GOAL OF THE EXERCISE –
From the line containing "A Tiny Mistake" to the final line of the material below, return every line exactly. Do not include pictures.

GIVEN INFORMATION –
- - - - -

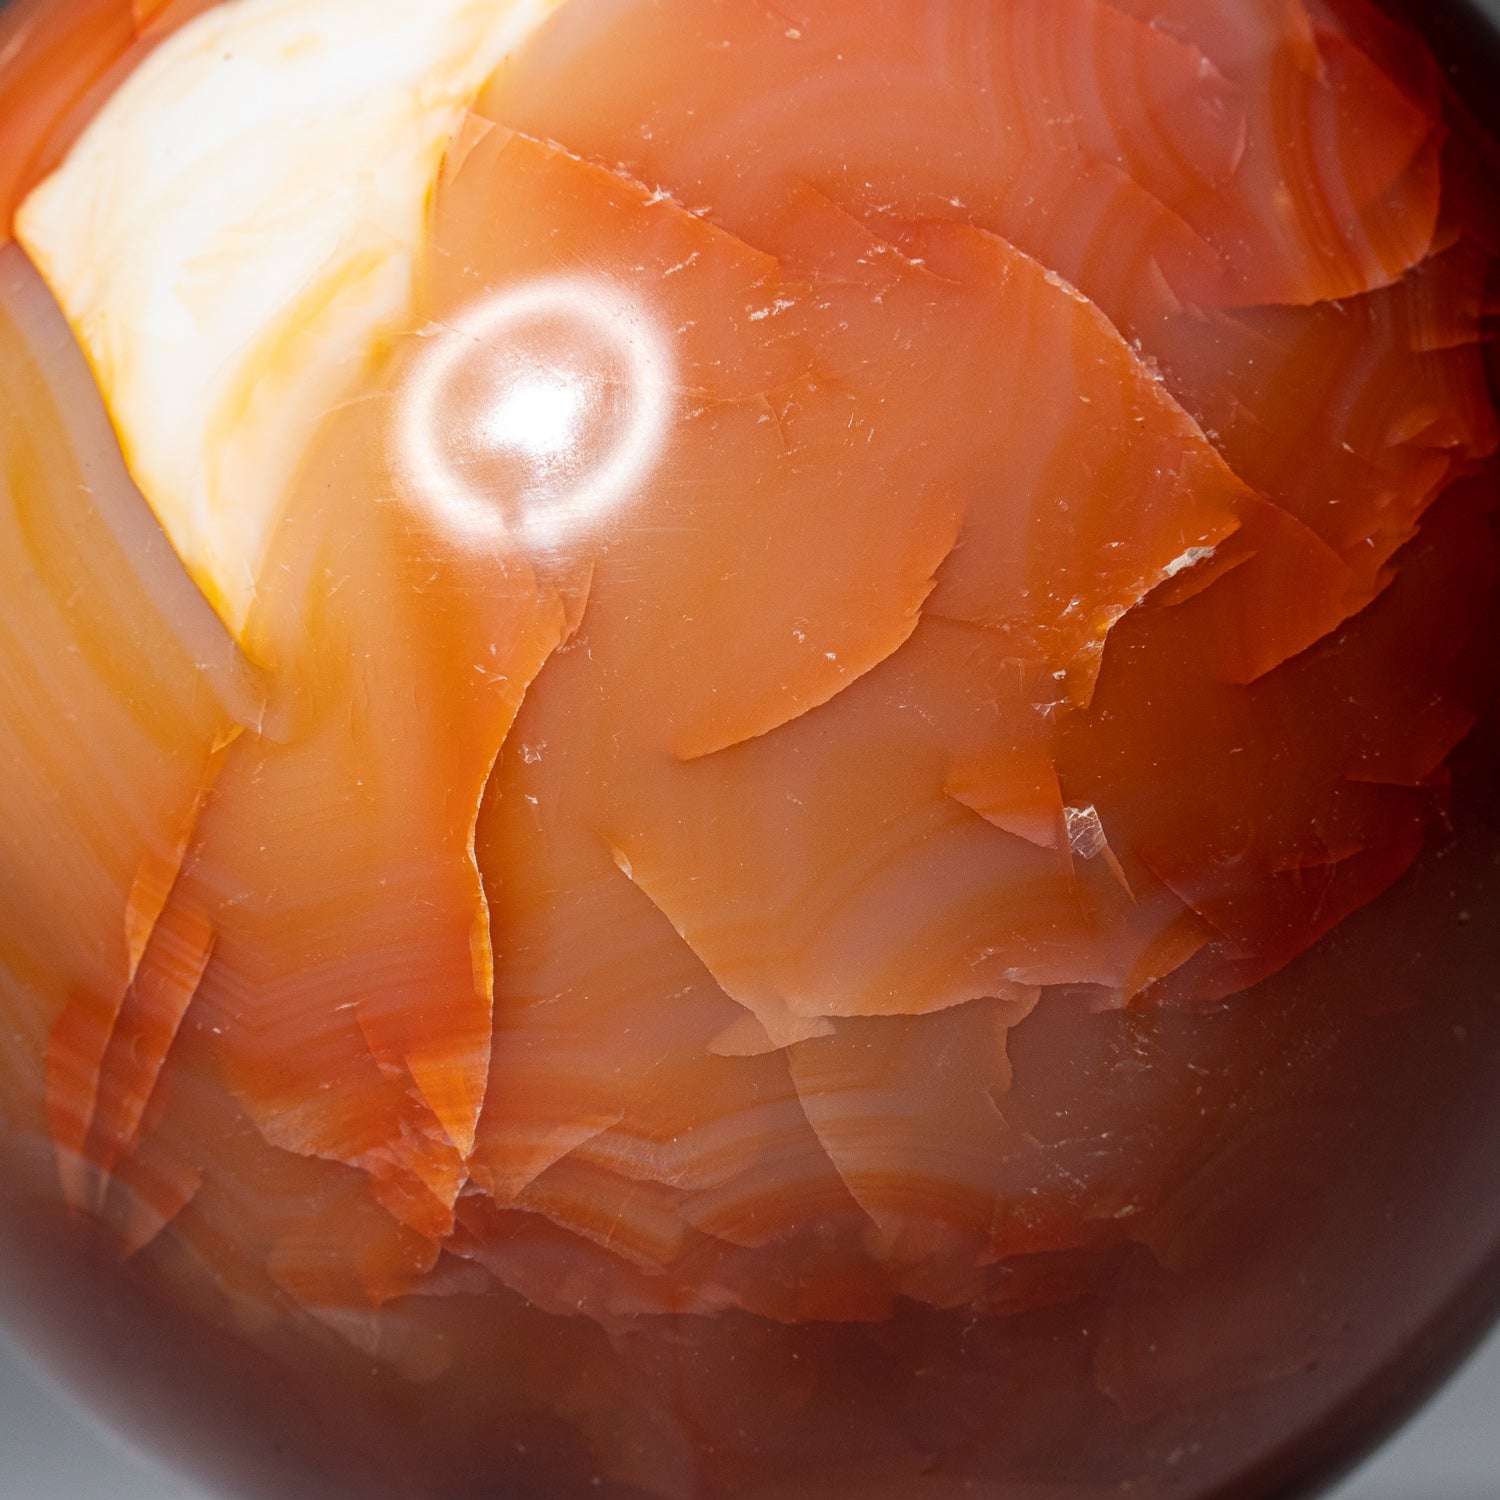 Polished Carnelian Agate (2.5") Sphere from Madagascar
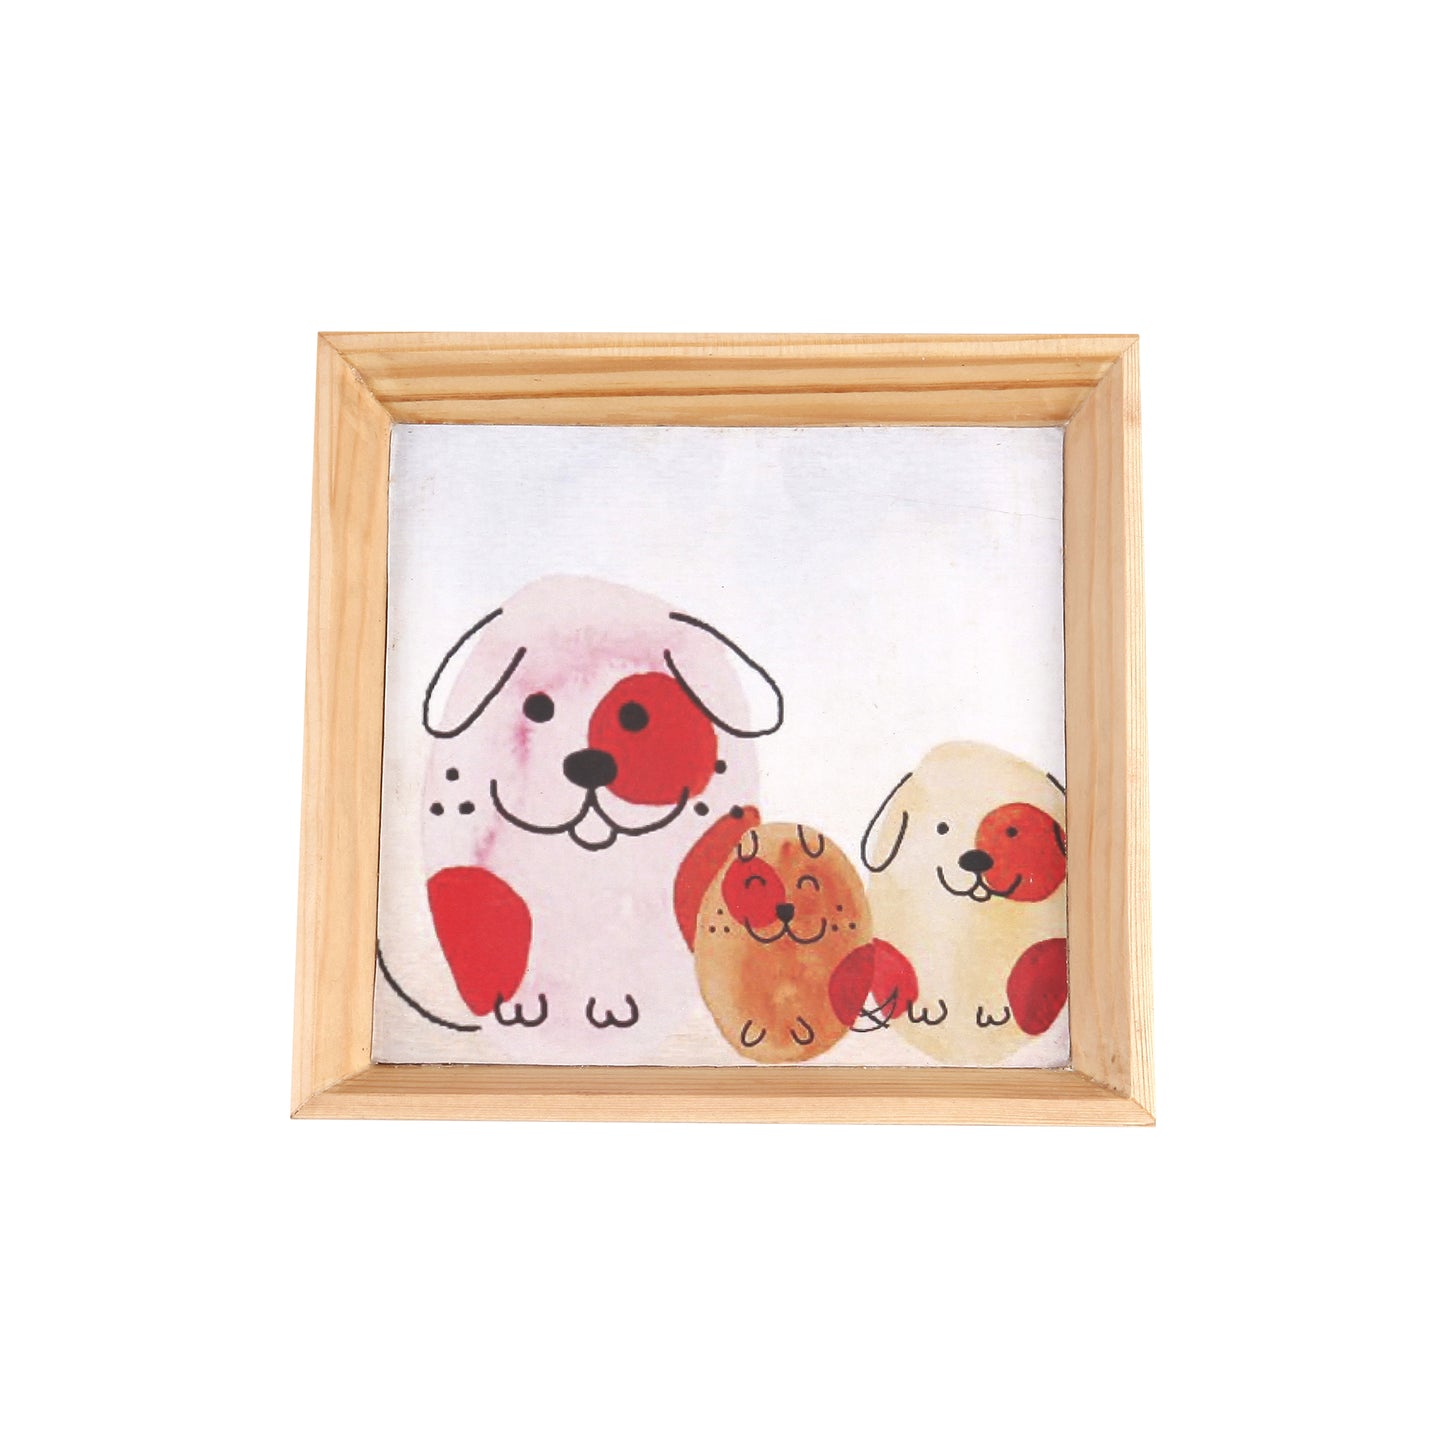 A Tiny Mistake Happy Dogs Small Square Wooden Serving Tray, 18 x 18 x 2 cm
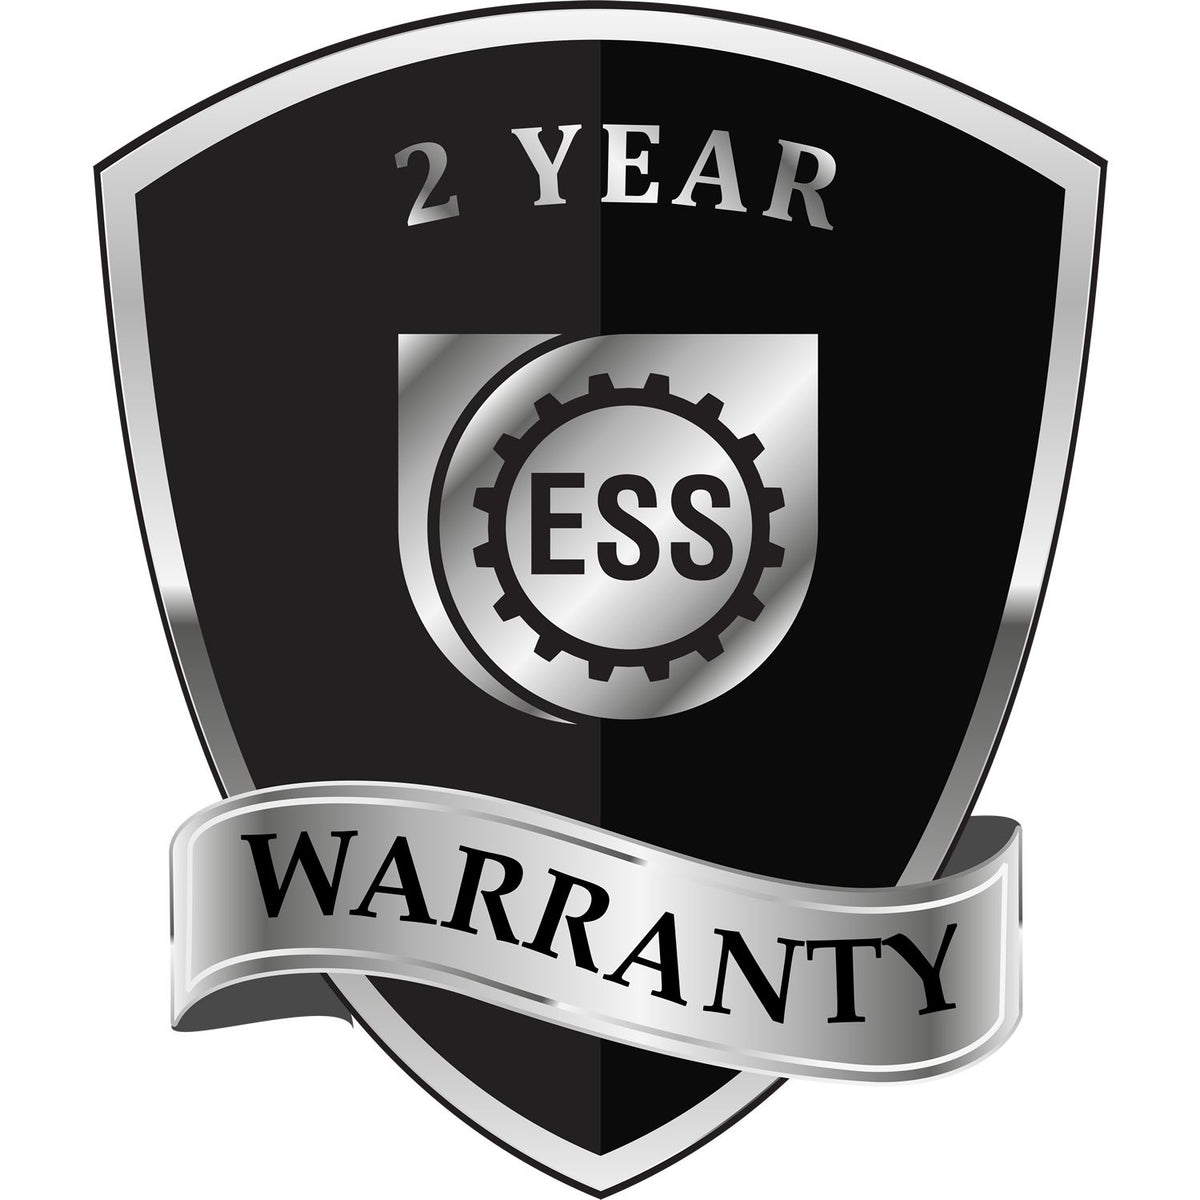 A black and silver badge or emblem showing warranty information for the Hybrid New Jersey Engineer Seal

- - - - -

OUTPUT –
 A Tiny Mistake Happy Dogs Small Square Wooden Serving Tray, 18 x 18 x 2 cm
 A black and silver badge or emblem showing warranty information for the Hybrid New Jersey Engineer Seal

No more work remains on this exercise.